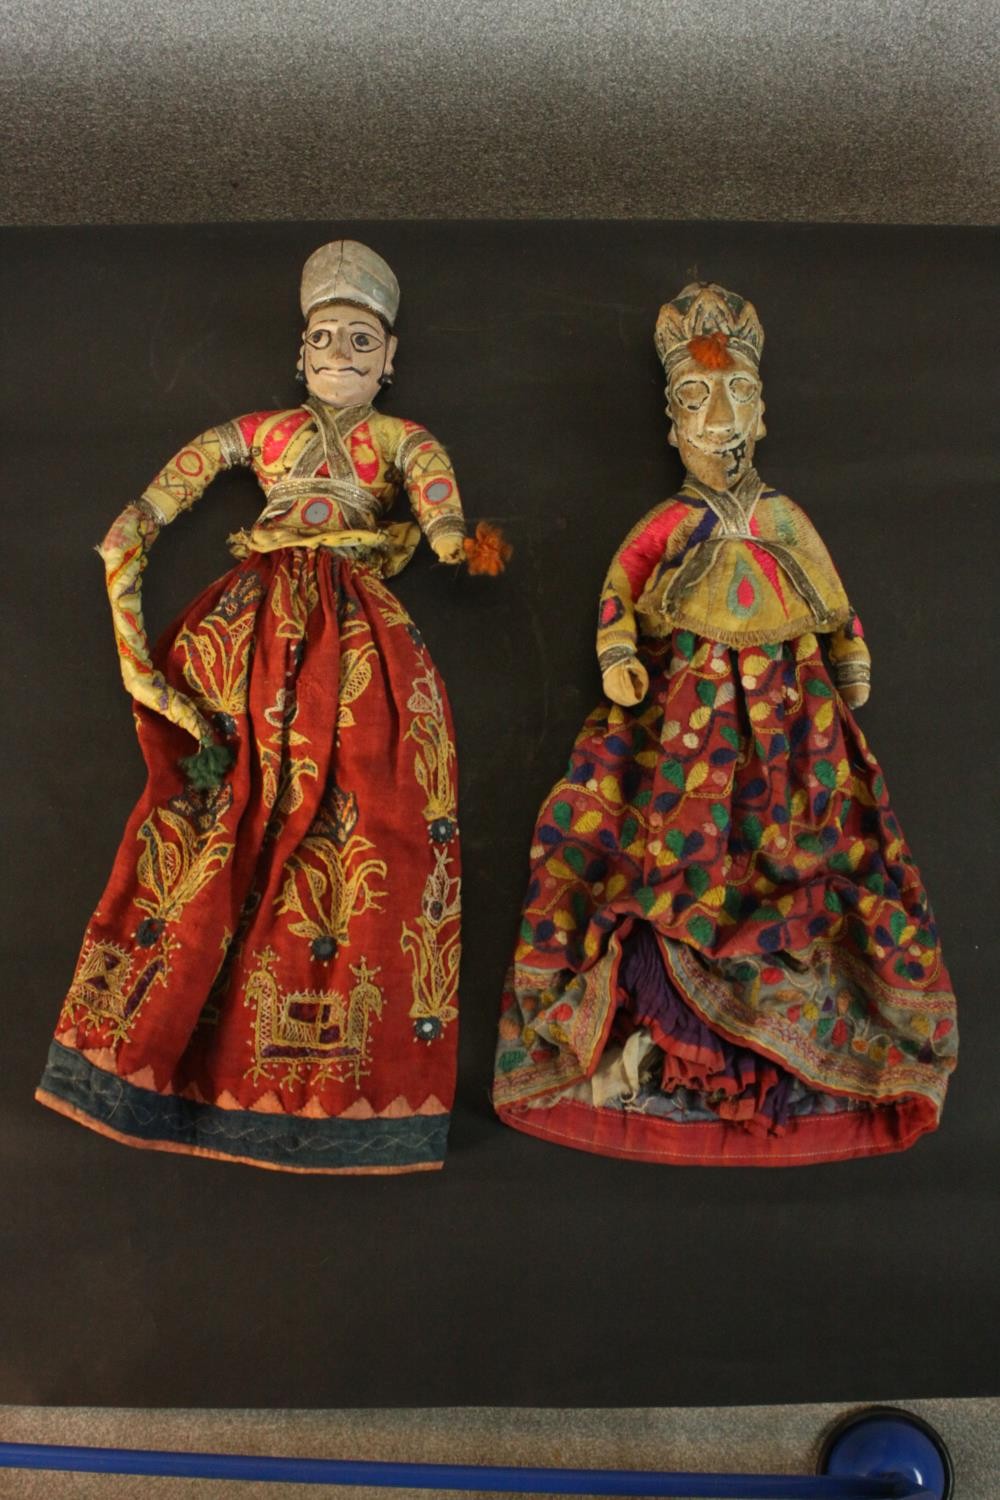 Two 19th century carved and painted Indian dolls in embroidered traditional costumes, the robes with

____

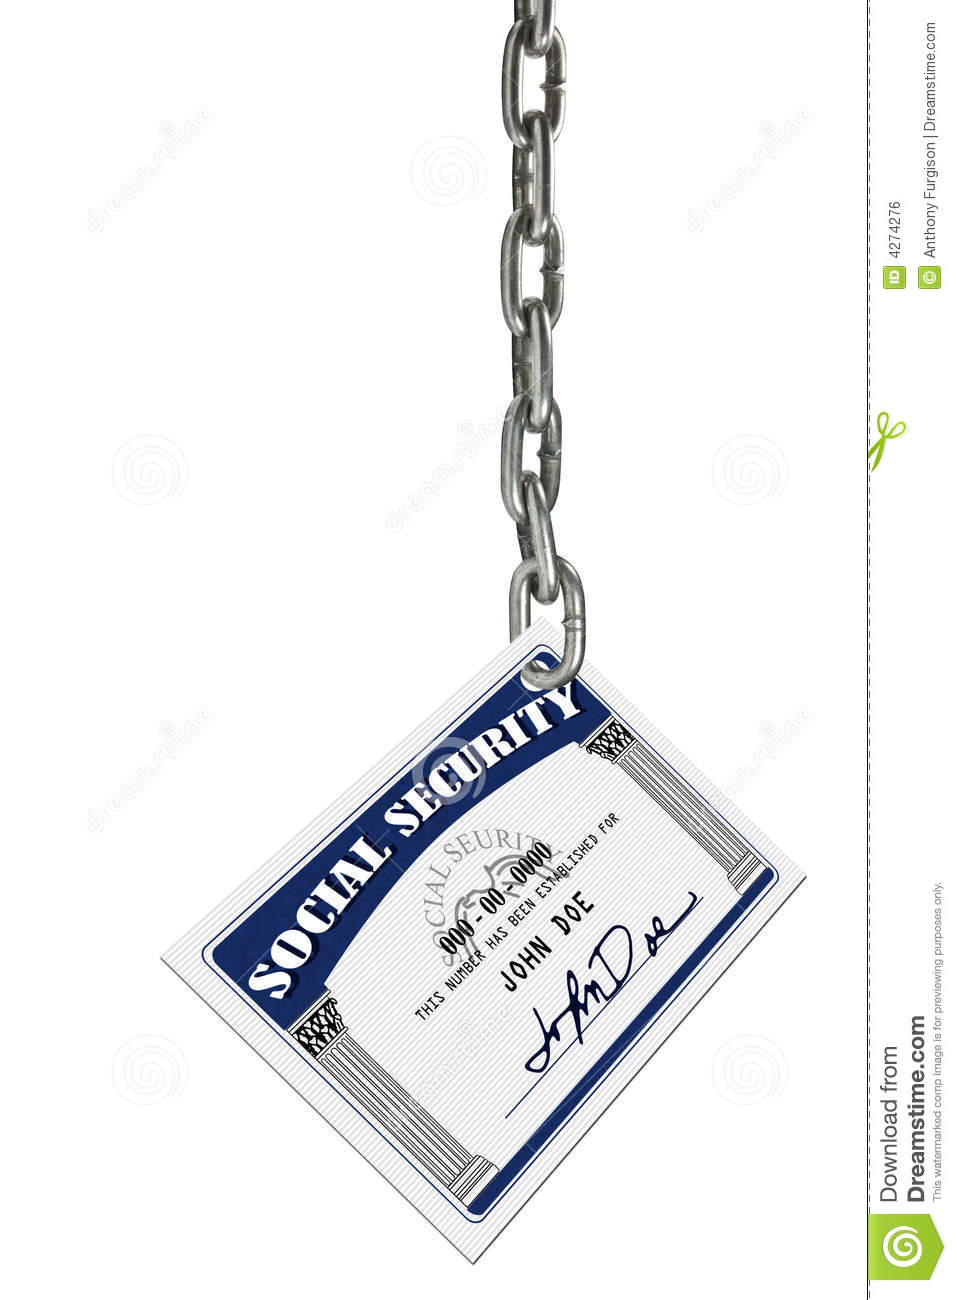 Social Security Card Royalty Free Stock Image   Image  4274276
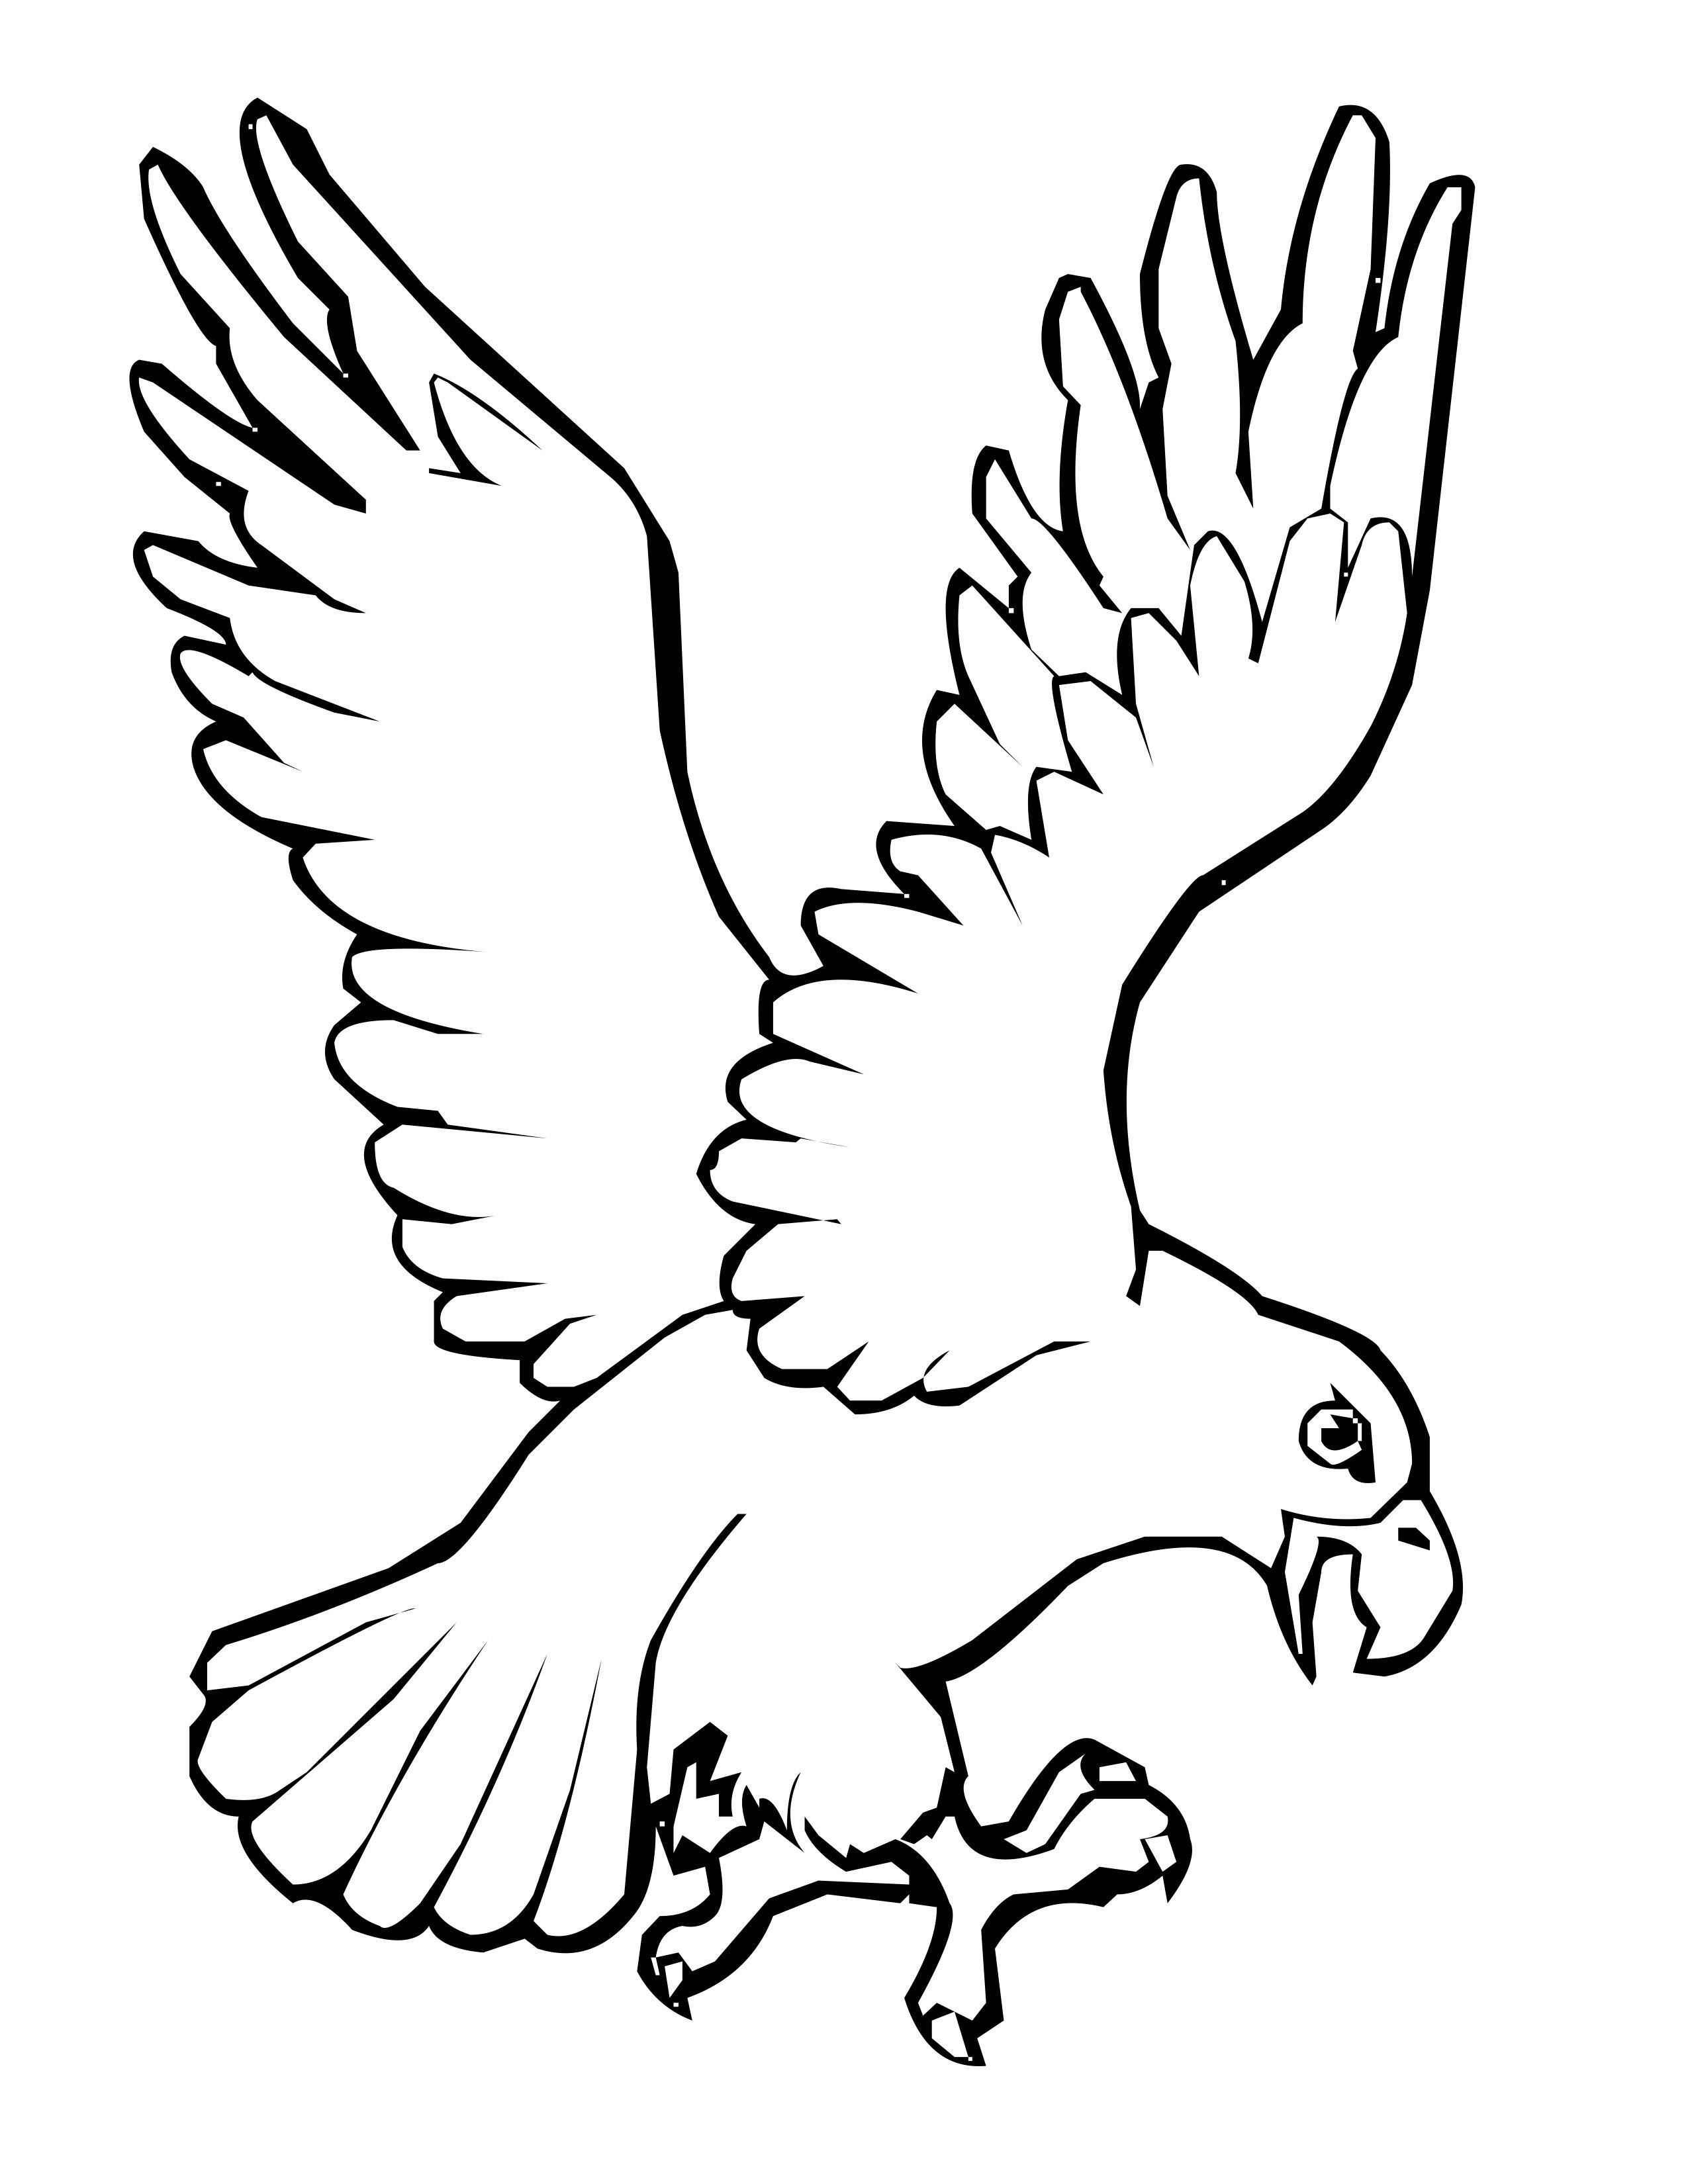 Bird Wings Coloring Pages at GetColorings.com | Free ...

____

- _What you should do_:
Would you output only the span of the records above that opens with the line containing "Social Security Card" and closes with the line containing "Bird Wings Coloring", ends included and pictures dropped?

- _Solution to this problem_:
 Social Security Card Royalty Free Stock Image   Image  4274276
 Bird Wings Coloring Pages at GetColorings.com | Free ...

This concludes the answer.